The uninjured volunteers had substantially fewer abnormal VF readings across all 37 combinations of measures and spinal levels (average 7.0 vs 1.2 per patient; p < 0.0001); none of the uninjured volunteers had abnormal findings for 17 of the measured parameters, and only three of the parameters were positive for abnormality in >10% of the asymptomatic group (C1-2 overhang, and C3-4 and C4-5 translation). In comparison, among the injured patients there was at least one subject with abnormality in all of the 37 VF parameters, and in 23 VF parameters, more than 10% of the injured patients were interpreted as abnormal. There were 24 of the VF parameters in which there was a statistically significant difference between the two study groups; in all cases, the frequency among the injured patients was greater than among the uninjured volunteers. See Table 3 for more details.
Three predictive statistical models were examined in order to determine the model with the highest degree of diagnostic accuracy for differentiating between injured patients and uninjured volunteers. These models and their results were as follows:
3.1. Model 1
Stepwise logistic regression using all VF parameters, as well as age and sex, was used. Entry p-value = 0.20. Exit p-value = 0.05.
Model 1 results: The only single VF parameter found to be a significant predictor for symptomatic patient status was C4-C5 facet gapping. The ROC was 0.71, and the likelihood that a patient with an abnormal C4–C5 facet gapping finding would be symptomatic was 44.9 times greater than a patient with a normal C4–C5 facet gapping finding (95% CI (5.9, 339.3)). The sensitivity and NPV were 0.53 and 0.58, respectively, while the specificity and PPV were both 1 (See Table 4). The lack of fit could not be assessed.
3.2. Model 2
Logistic regression using the total number of abnormal findings as a continuous measure was used and adjusted for age and sex.

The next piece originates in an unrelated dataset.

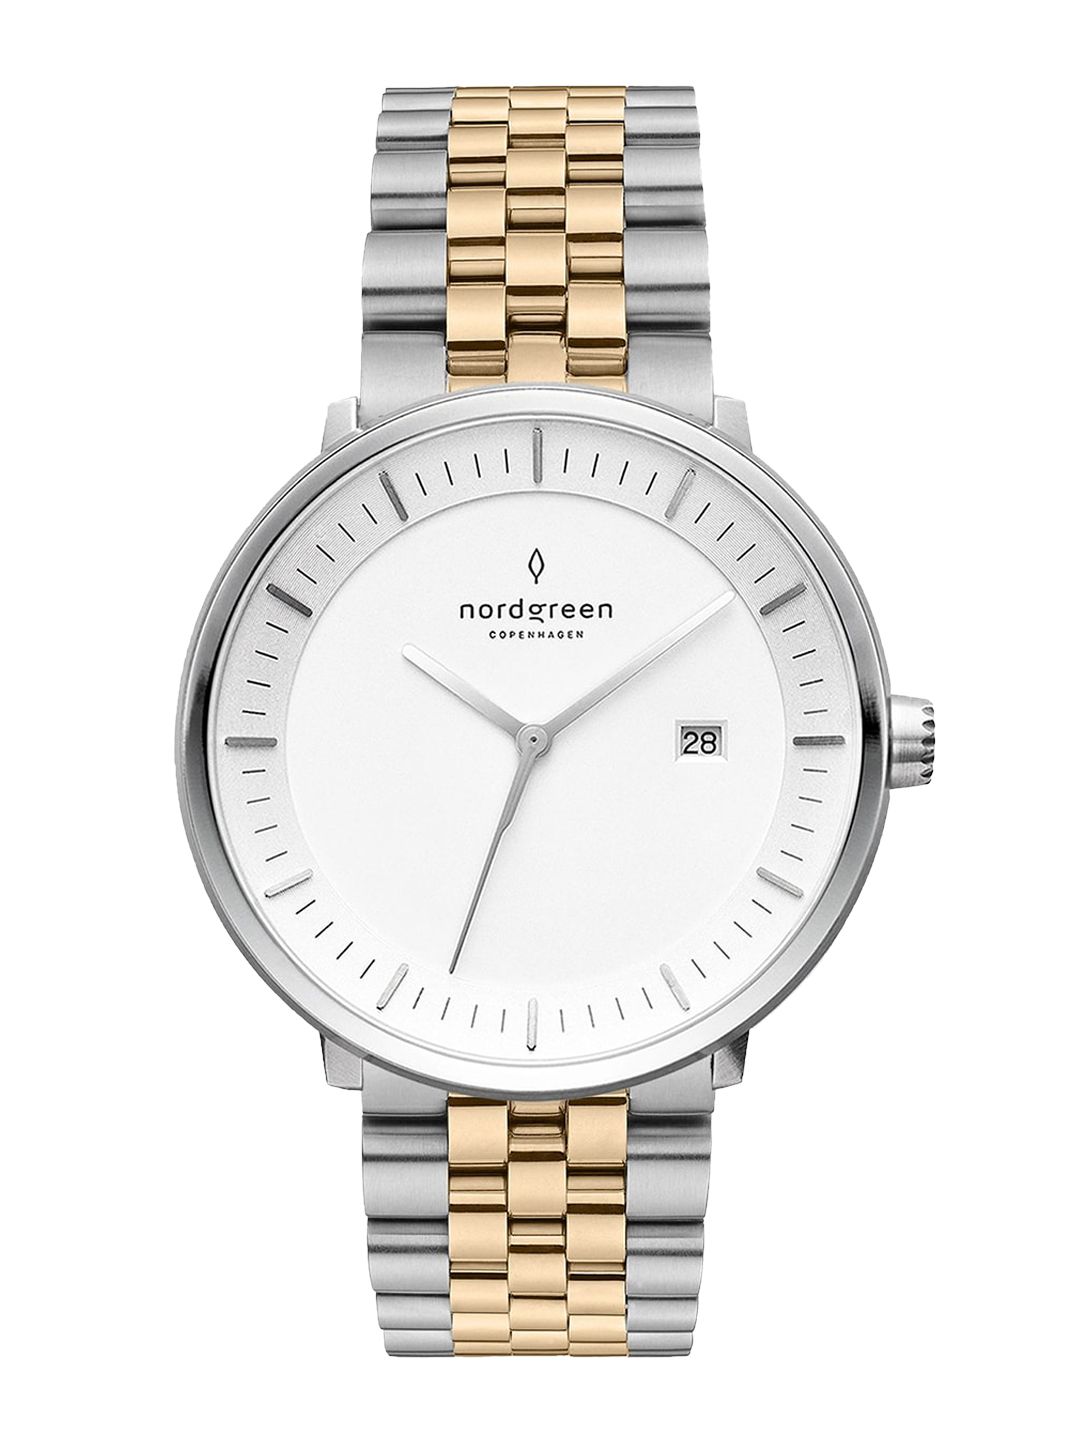 Nordgreen Unisex White Dial & Stainless Steel Philosopher Analogue Watch PH36SI5LSGXX Price in India
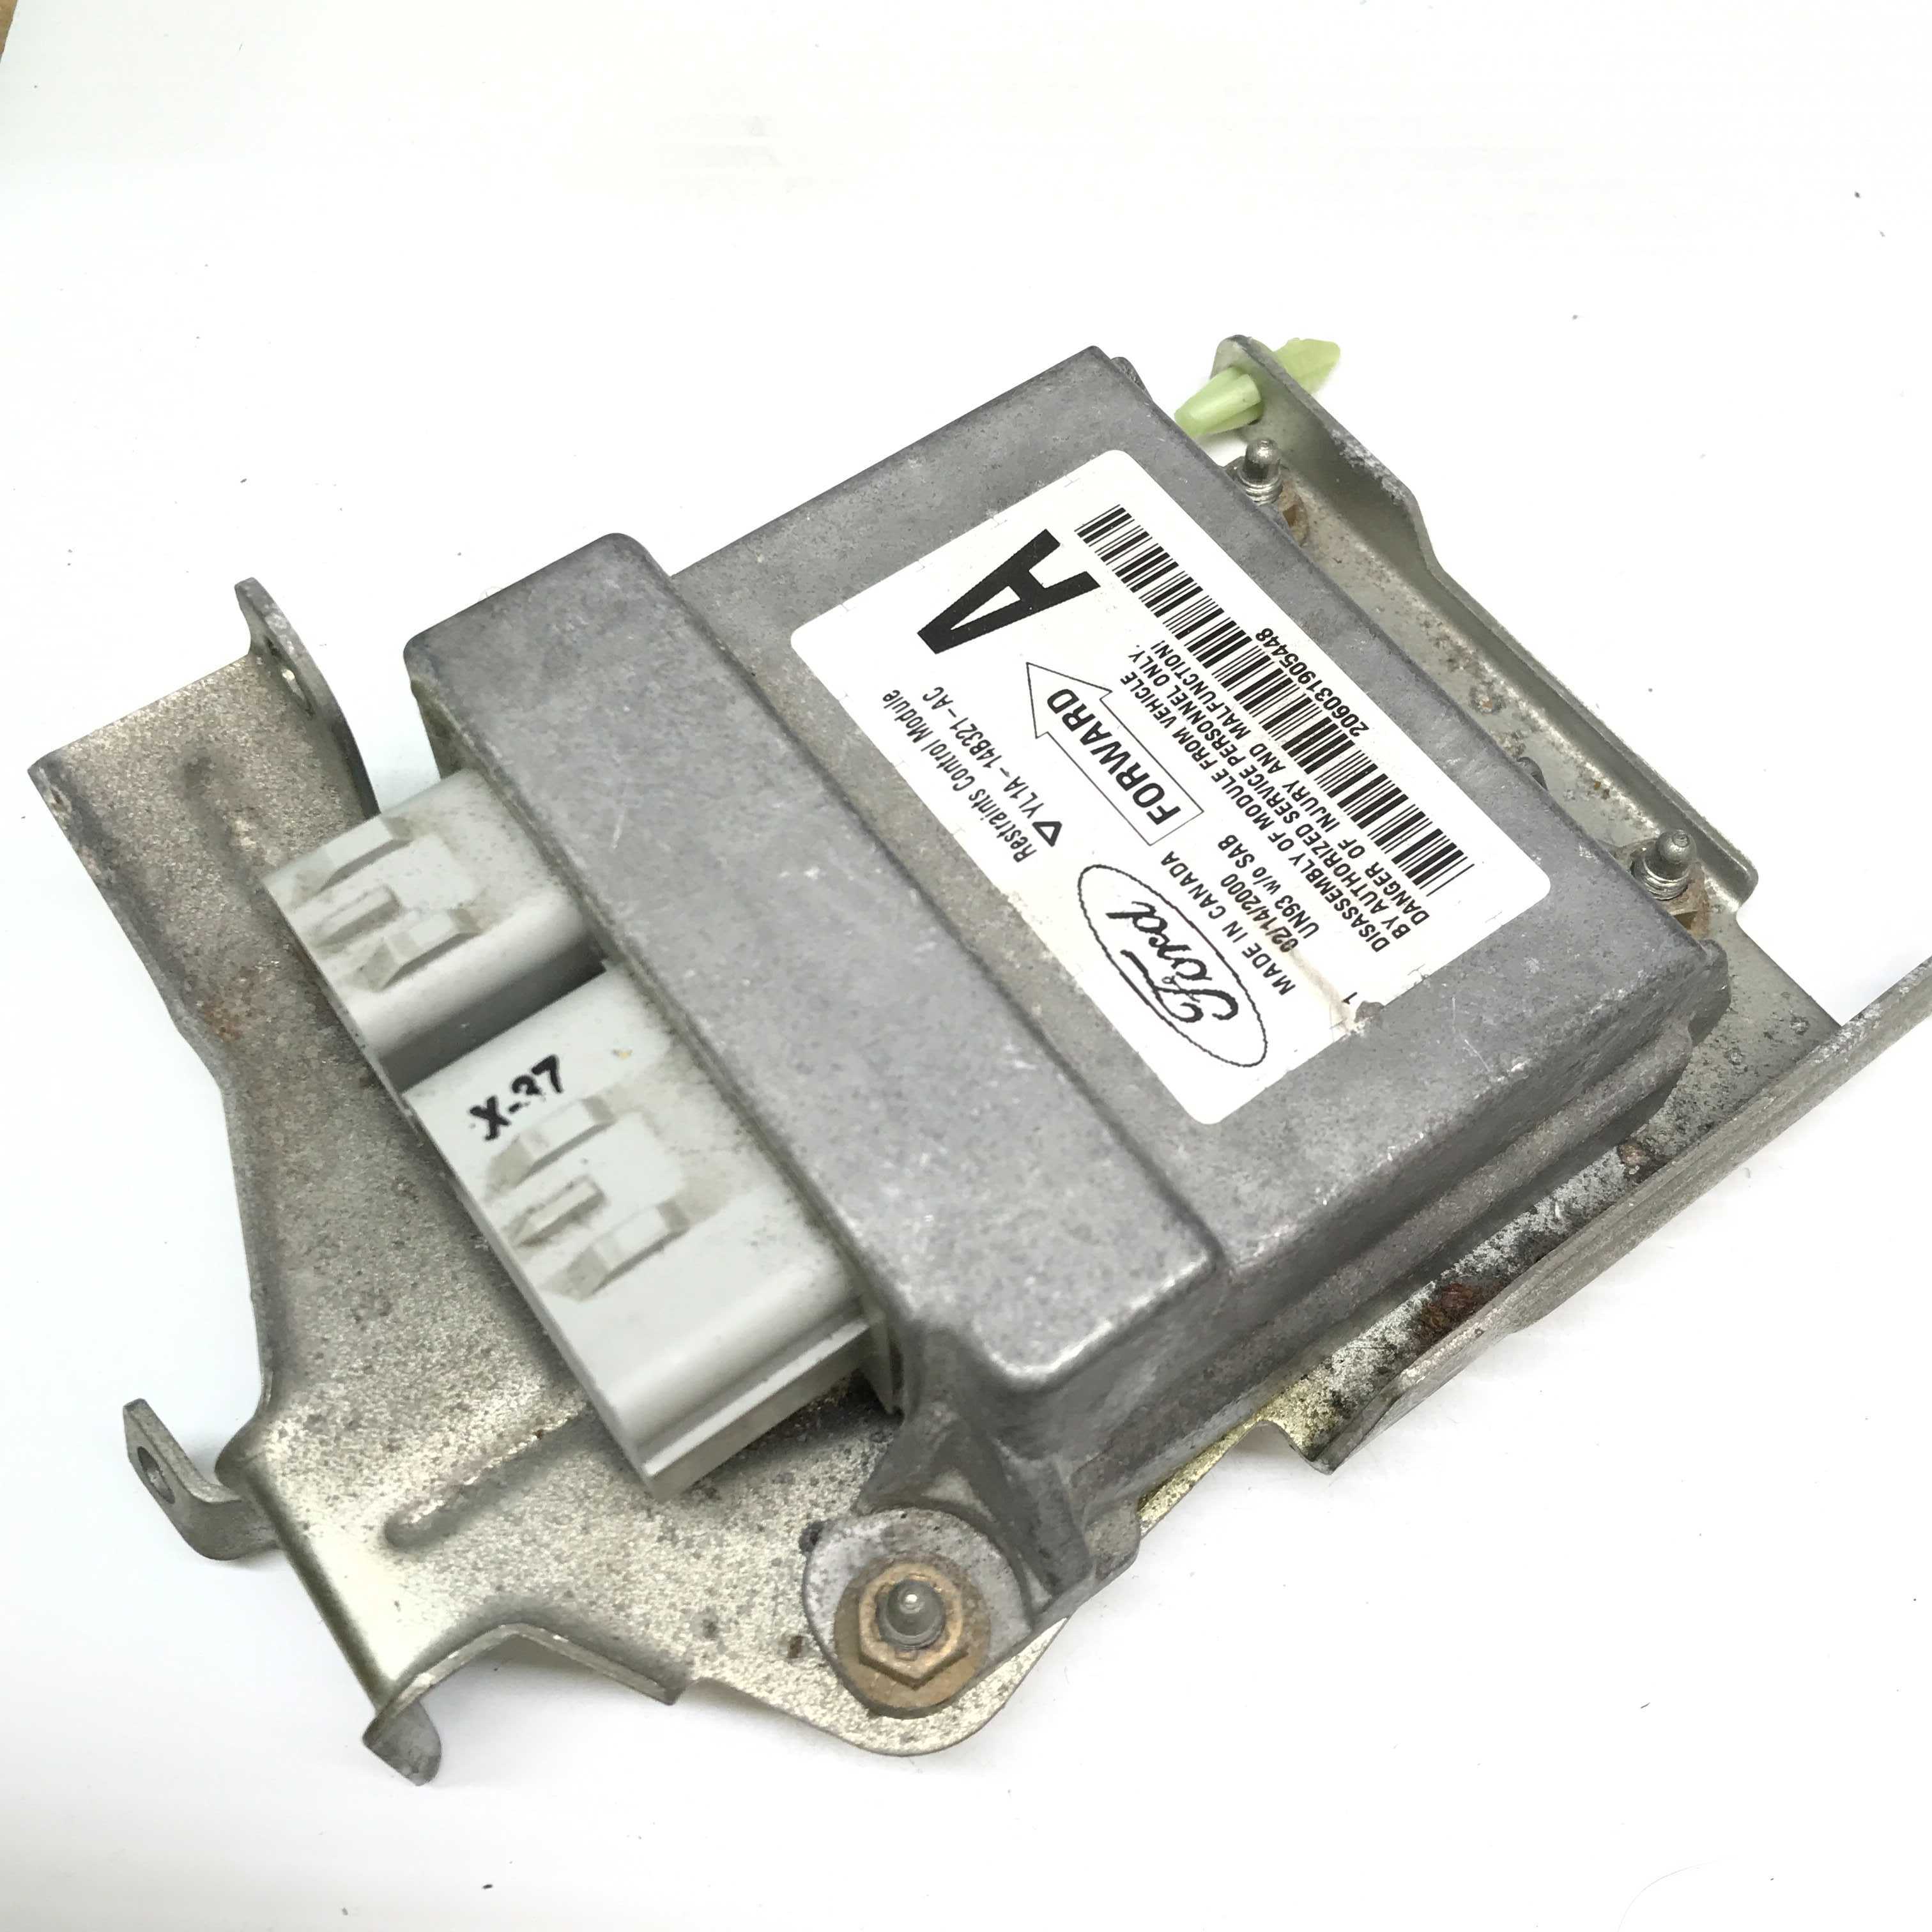 FORD EXPEDITION SRS (RCM) Restraint Control Module - Airbag Computer Control Module PART #YL1A14B321AC

Model 2 results: The total number of abnormal findings resulted in a model with a ROC of 0.94, indicating near-perfect prediction in the training data. The odds that the subject was injured increased by 2.6 for each additional abnormal finding (95% CI (1.79, 3.69)). Neither age nor sex were significant after accounting for the number of abnormal findings. The sensitivity and PPV were both 0.93, while the specificity and NPV were 0.89 (see Table 4). The model did not suffer from lack of fit.
3.3. Model 3
Cut-point analysis examining the predictive ability of a dichotomization of the number of abnormal findings across a range of values (two or more abnormal findings (2+), three or more abnormal findings (3+), etc.) was used and adjusted for age and sex.
Model 3 results: The ROC increased from 0.88 for the model dichotomized at two or more abnormal findings, to 0.92 for the 3+ and 4+ models, and then decreased for the model dichotomized at five or more abnormal findings. The sensitivity attained a maximum value for the 2+ and 3+ models (0.93), while the specificity was maximized for the 4+ model (see Table 4). PPV hit a maximum (1) in the 4+ model, while NPV was maximized (0.89) in the 3+ model. None of the cut-point models with the exception of the 5+ dichotomization suffered from lack of fit. A comparison of the diagnostics for each of the models is illustrated in Figure 5.
4. Discussion
These results provide convincing evidence for several conclusions: (1) intervertebral instability is a common finding in the symptomatic population of patients with chronic neck pain after whiplash trauma; (2) intervertebral instability is an uncommon finding in the uninjured population; (3) the finding of two or more abnormal parameters of intervertebral motion during the videofluoroscopic examination of the cervical spine is a highly accurate diagnostic test for identifying patients with chronic neck pain after whiplash trauma.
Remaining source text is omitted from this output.